Agricultural production will have to double by 2050! This isn't going to happen by magic.
In 5 years time, when this hub is able to stand on its own, it will be the sustainable heart of a network that we hope will span the continent.
Professor Mohammed Hassan, executive director of the Third World Academy of Sciences:
The challenges [here] are daunting - 70% of people in Africa live on less that $2 a day. But the opportunities are great. Each square kilometre of the Sahara receives the solar energy equivalent of 1.5 million barrels of oil every year. So cutting edge technology to harness this can transform the lives of people in Africa.
African academics have been sleeping for a long time, but now they are slowly waking up. Now, I hope, we can wake up the African lion.

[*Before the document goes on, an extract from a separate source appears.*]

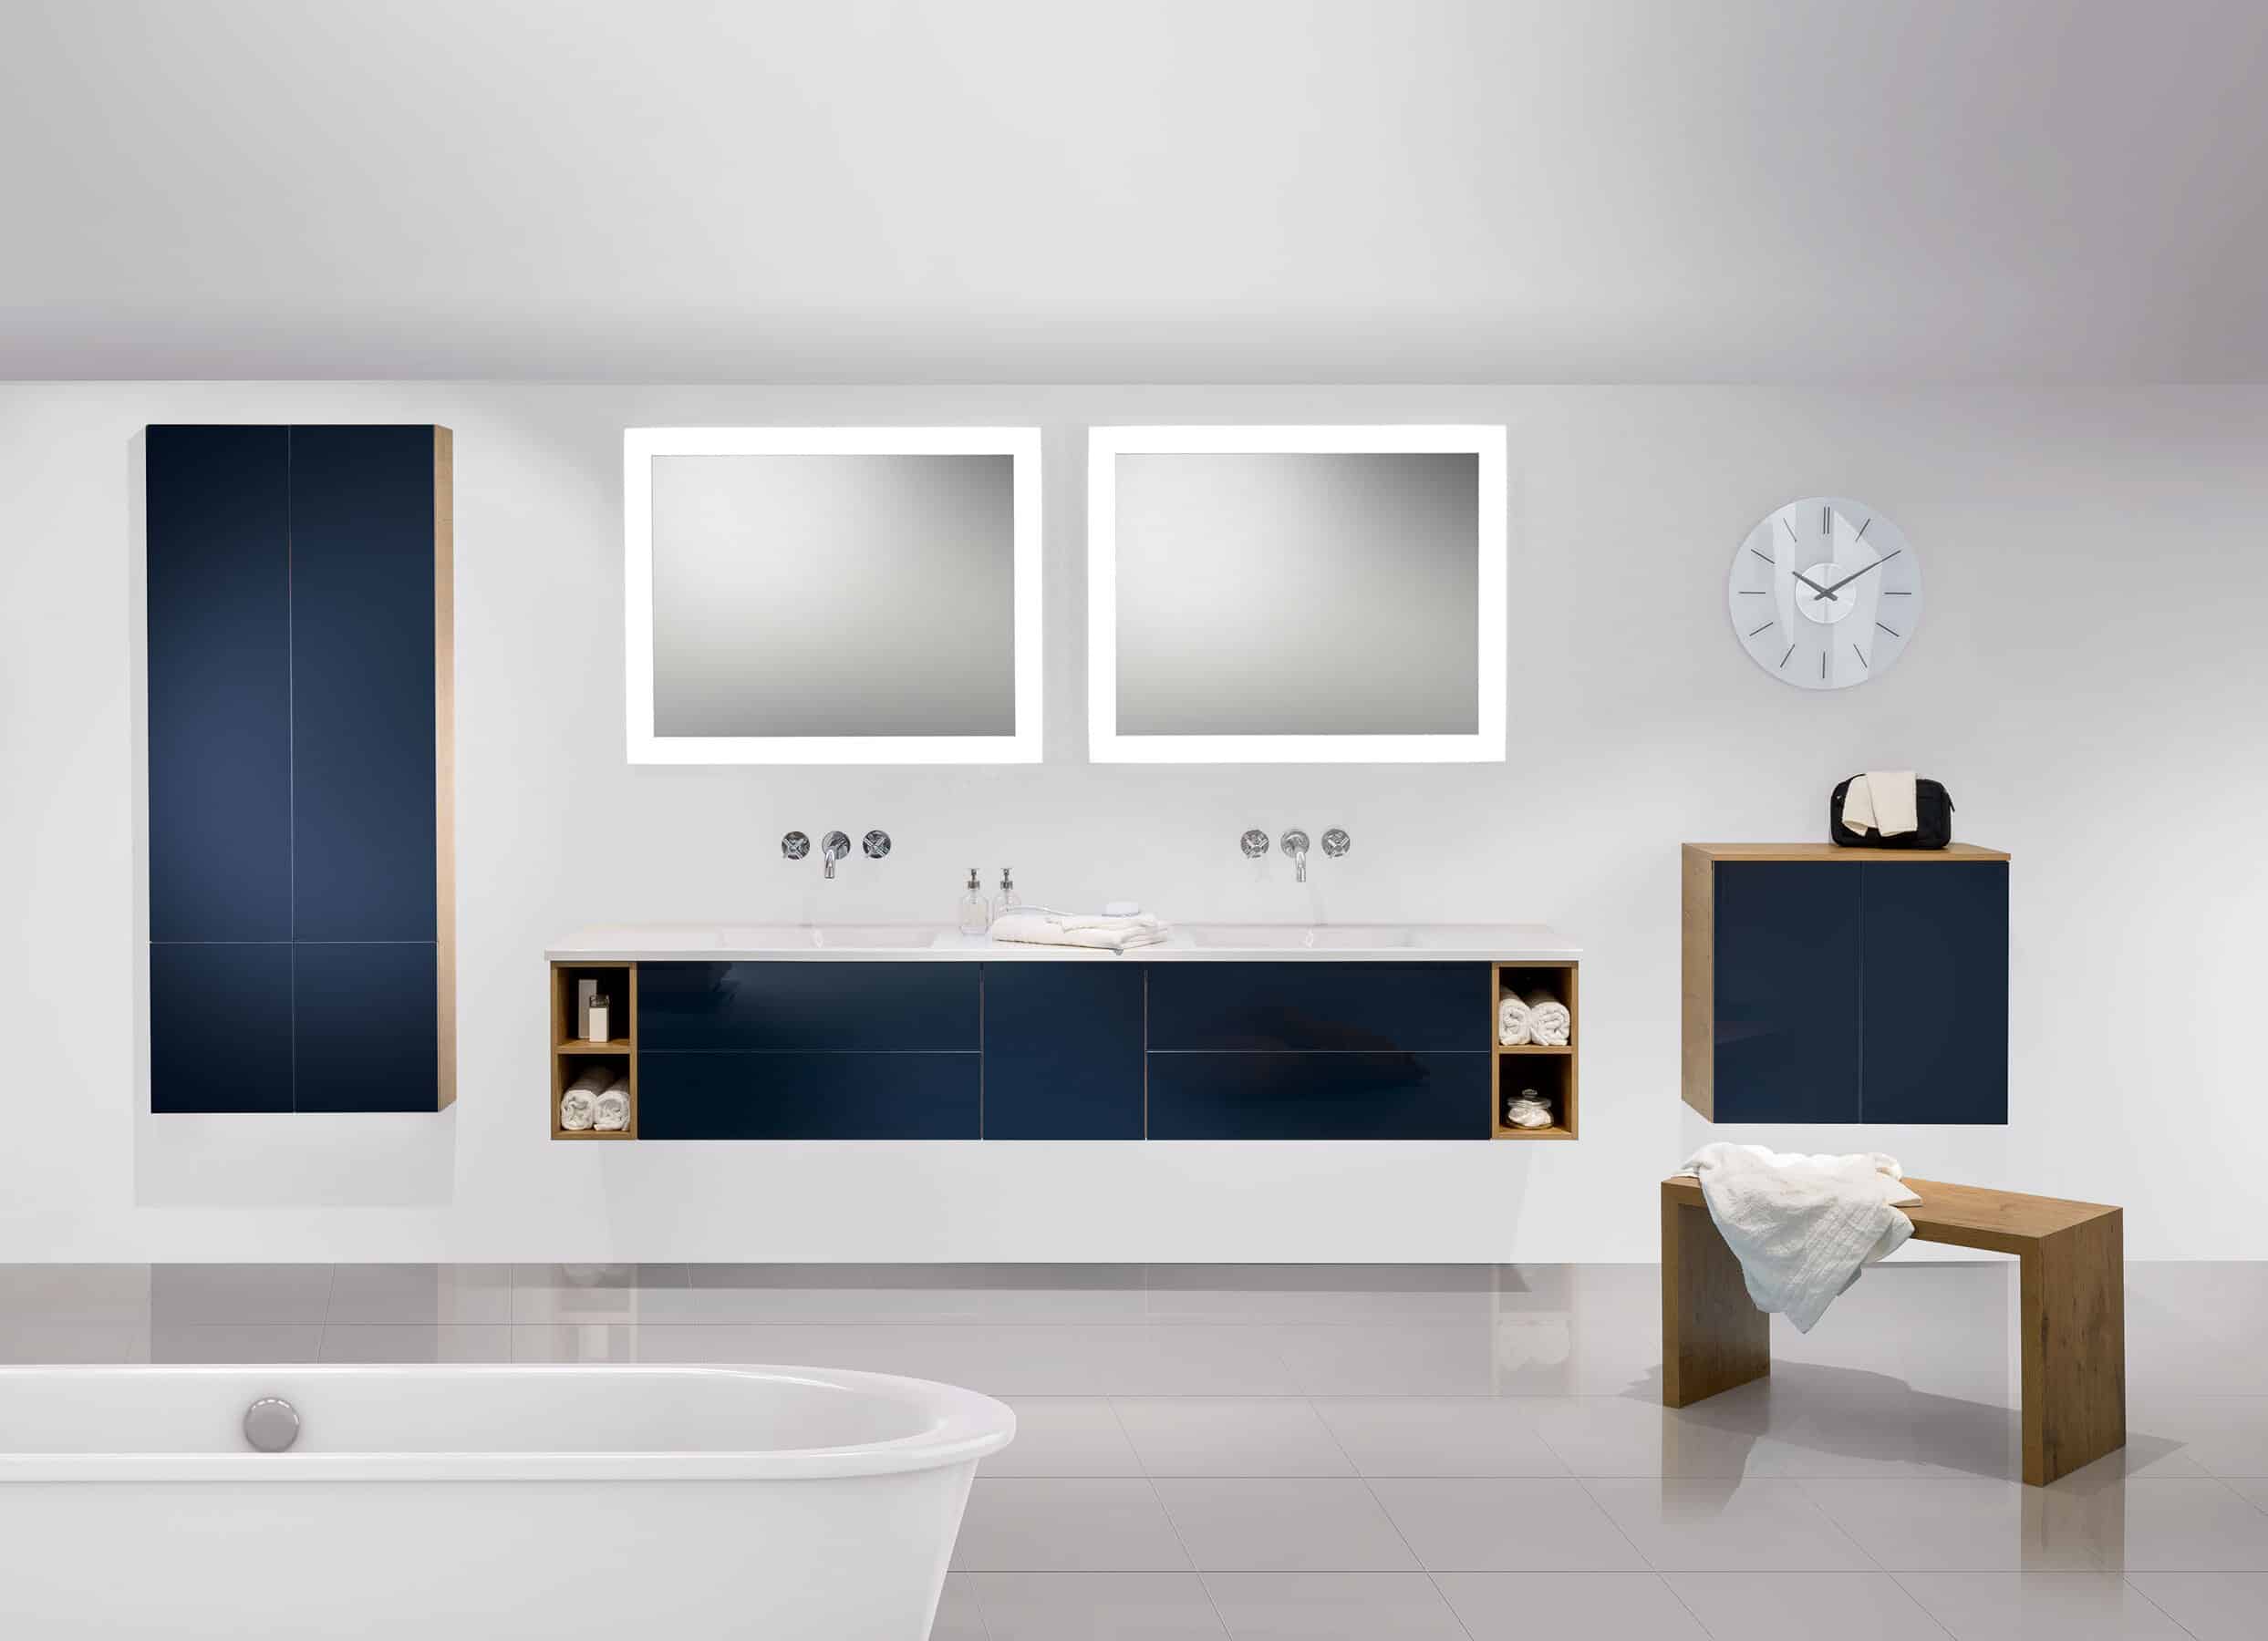 Badea bathroom vanity includes modern design features like these innovative basins and storage.

Richard Pike, chief executive of the RSC:
The key issues facing the world: energy; water; health; food and new materials, all of these issues, in the wider context of sustainability, are underpinned by chemistry and the chemical sciences.
The activities of this network will be tailored to the needs of the continent. For example, the Kenya hub's major inaugural event will take place in September: an international conference on enhancing biodiversity.
Professor Shem Wandinga, professor of chemistry at the University of Nairobi and chair of the Kenya hub:
The opportunities here are so exciting. The expansion of academic knowledge will pave the path to transforming the lives of African people through chemistry.
Africa must play a key part in the development of solutions to African problems.